Alloying CIS (CuInSe2) with CGS (CuGaSe2) increases in the bandgap. To reach the ideal bandgap for a single junction solar cell, 1.5 eV, a Ga/(In+Ga) ratio of roughly 0.7 is optimal. However, at ratios above ~0.3, device performance drops off. Industry currently targets the 0.3 Ga/(In+Ga) ratio, resulting in bandgaps between 1.1 and 1.2 eV. The decreasing performance has been postulated to be a result of CGS not forming the ODC, which is necessary for a good interface with CdS.[28]
The highest efficiency devices show substantial texturing, or preferred crystallographic orientation. A (204) surface orientation is observed in the best quality devices.[6] A smooth absorber surface is preferred to maximize the ratio of the illuminated area to the area of the interface. The area of the interface increases with roughness while illuminated area remains constant, decreasing open circuit voltage (VOC). Studies have also linked an increase in defect density to decreased VOC. Recombination in CIGS has been suggested to be dominated by non-radiative processes. Theoretically, recombination can be controlled by engineering the film, and is extrinsic to the material.[30]
Production
Film production
The most common vacuum-based process is to co-evaporate or co-sputter copper, gallium, and indium onto a substrate at room temperature, then anneal the resulting film with a selenide vapor. An alternative process is to co-evaporate copper, gallium, indium and selenium onto a heated substrate.
A non-vacuum-based alternative process deposits nanoparticles of the precursor materials on the substrate and then sinters them in situ. Electroplating is another low cost alternative to apply the CIGS layer.

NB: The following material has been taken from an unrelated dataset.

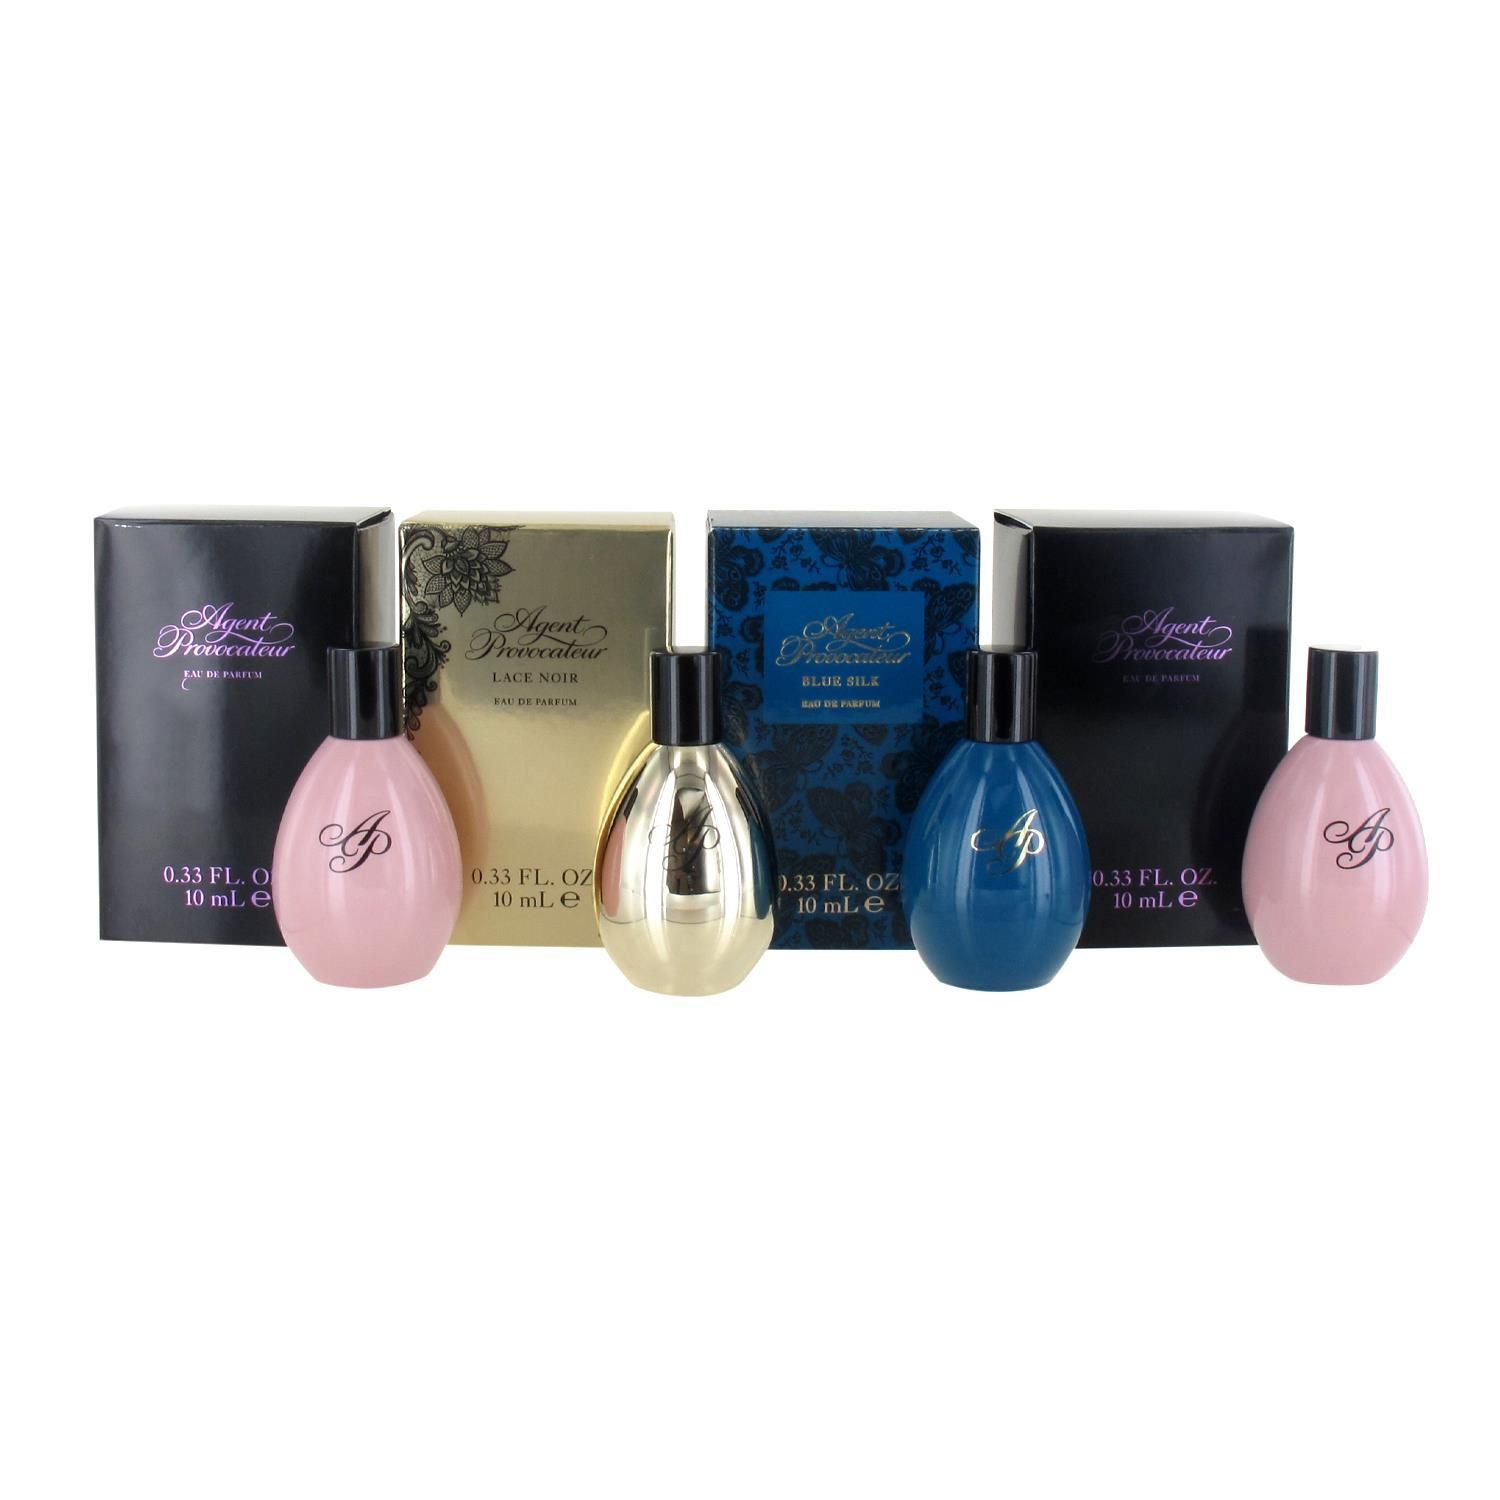 Agent Provocateur 2 x 10ml Eau de Parfum, Lace Noir 10ml Eau de and Silk 10ml Eau de Parfum Miniature Gift Set for Women

The following sections outline the various techniques for precursor deposition processing, including sputtering of metallic layers at low temperatures, printing of inks containing nanoparticles, electrodeposition, and a technique inspired by wafer-bonding.
Selenization
The Se supply and selenization environment is important in determining the properties and quality of the film. When Se is supplied in the gas phase (for example as H2Se or elemental Se) at high temperatures, the Se becomes incorporated into the film by absorption and subsequent diffusion. During this step, called chalcogenization, complex interactions occur to form a chalcogenide. These interactions include formation of Cu-In-Ga intermetallic alloys, formation of intermediate metal-selenide binary compounds and phase separation of various stoichiometric CIGS compounds. Because of the variety and complexity of the reactions, the properties of the CIGS film are difficult to control.[6]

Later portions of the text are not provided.